If a workload is slow, profile it before you scale it. 70% of the time, the answer is something cheap (an index, a cache, a query rewrite, a service split). 20% of the time, the answer is moderate work (lazy loading, async processing, queue-based decoupling). Only 10% of the time, the answer is "you genuinely need bigger infrastructure." Most growth-stage startups invert this ratio. They scale first, profile never. The bill grows. The architecture rots. Eventually the rot becomes severe enough that scaling stops working at all.
Step 4: Right-size with monitoring in place
Once architectural issues are fixed, then right-size.

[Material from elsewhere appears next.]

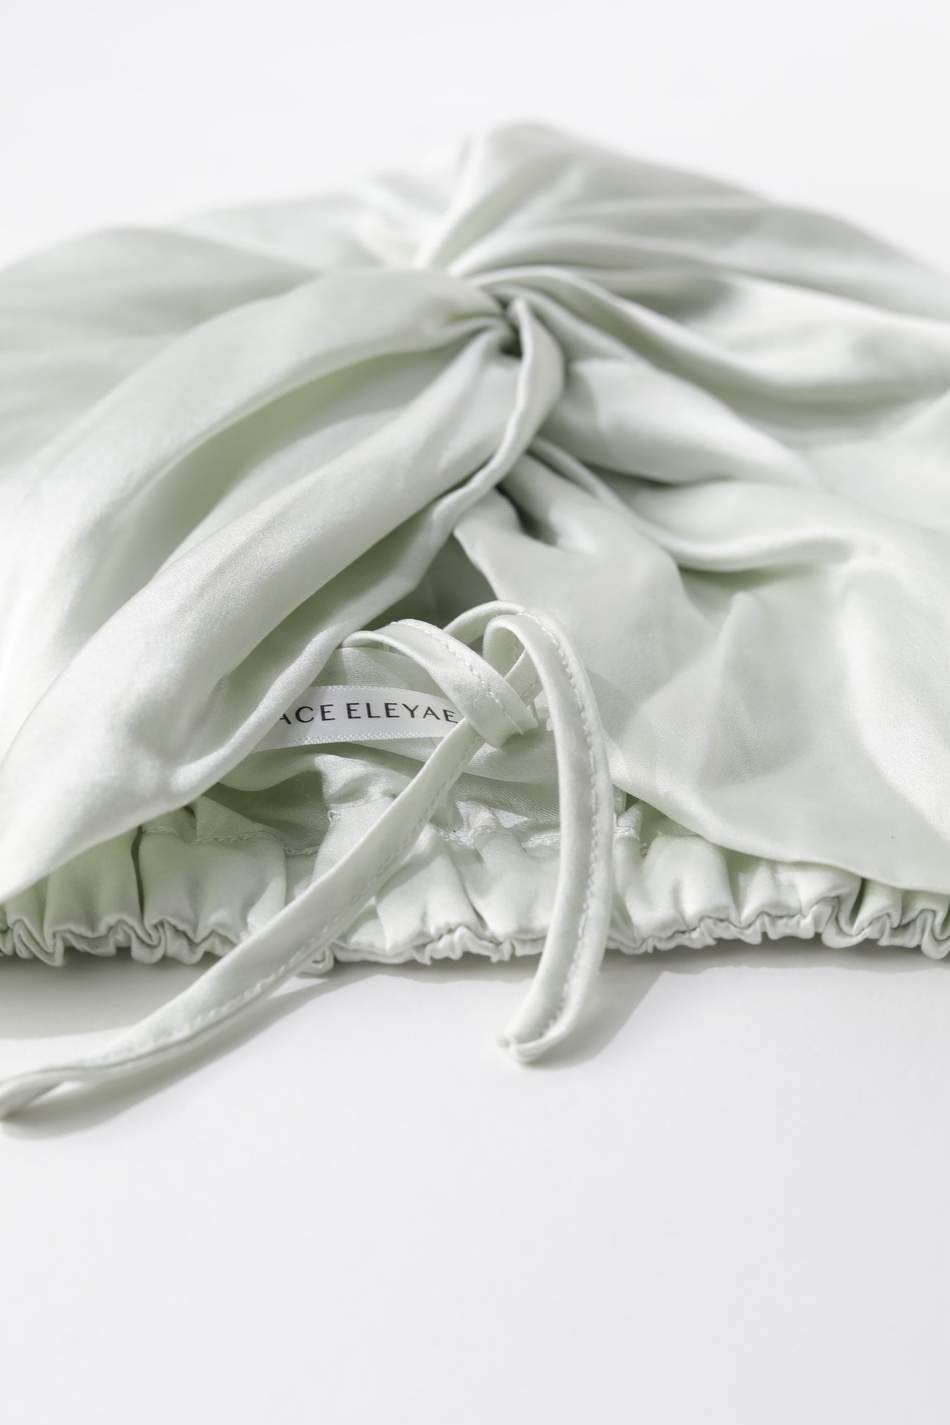 Grace Eleyae Silk Twist Turban

With observability already running, you can see immediately when a right-sizing decision causes performance regression. You can roll back specific changes without panicking and reversing everything.

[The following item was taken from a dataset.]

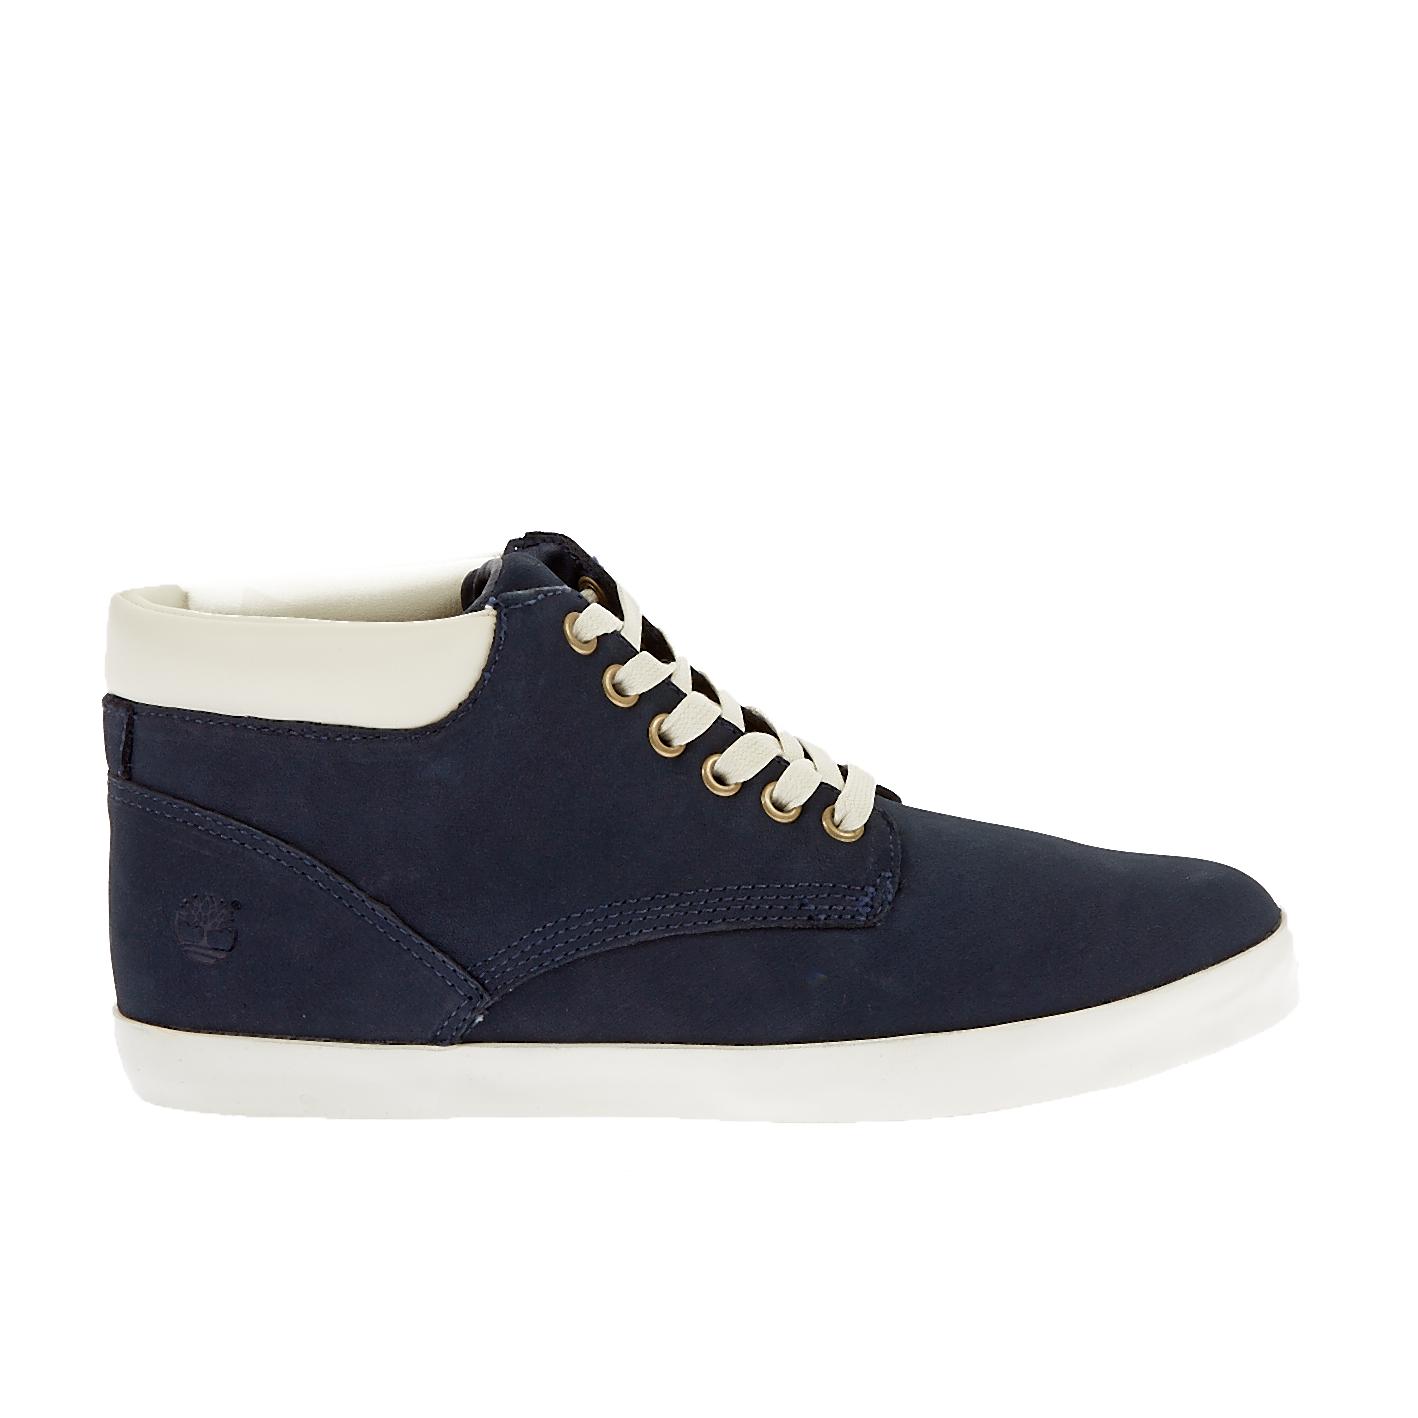 TIMBERLAND - Γυναικεία μποτάκια TIMBERLAND μπλε γυναικεία παπούτσια μπότες μποτάκια μποτάκια

The combination of "we already fixed the architecture" plus "we have monitoring to catch regressions" is what makes aggressive cost optimization safe. Without those two, every cost decision feels like it might break the system.
Step 5: Make both a continuous practice, not a project
The biggest mistake we see is treating performance optimization or cost optimization as a one time project. They are not. They are continuous engineering practices, like writing tests or doing code review.
The shops that get this right have a weekly engineering review that looks at both. Slow endpoints on the screen. Cost anomalies on the screen. Same conversation, same team, same metrics.
It does not need a Center of Excellence. It does not need a finance partner. It needs 30 minutes a week of engineering attention on the same dashboard.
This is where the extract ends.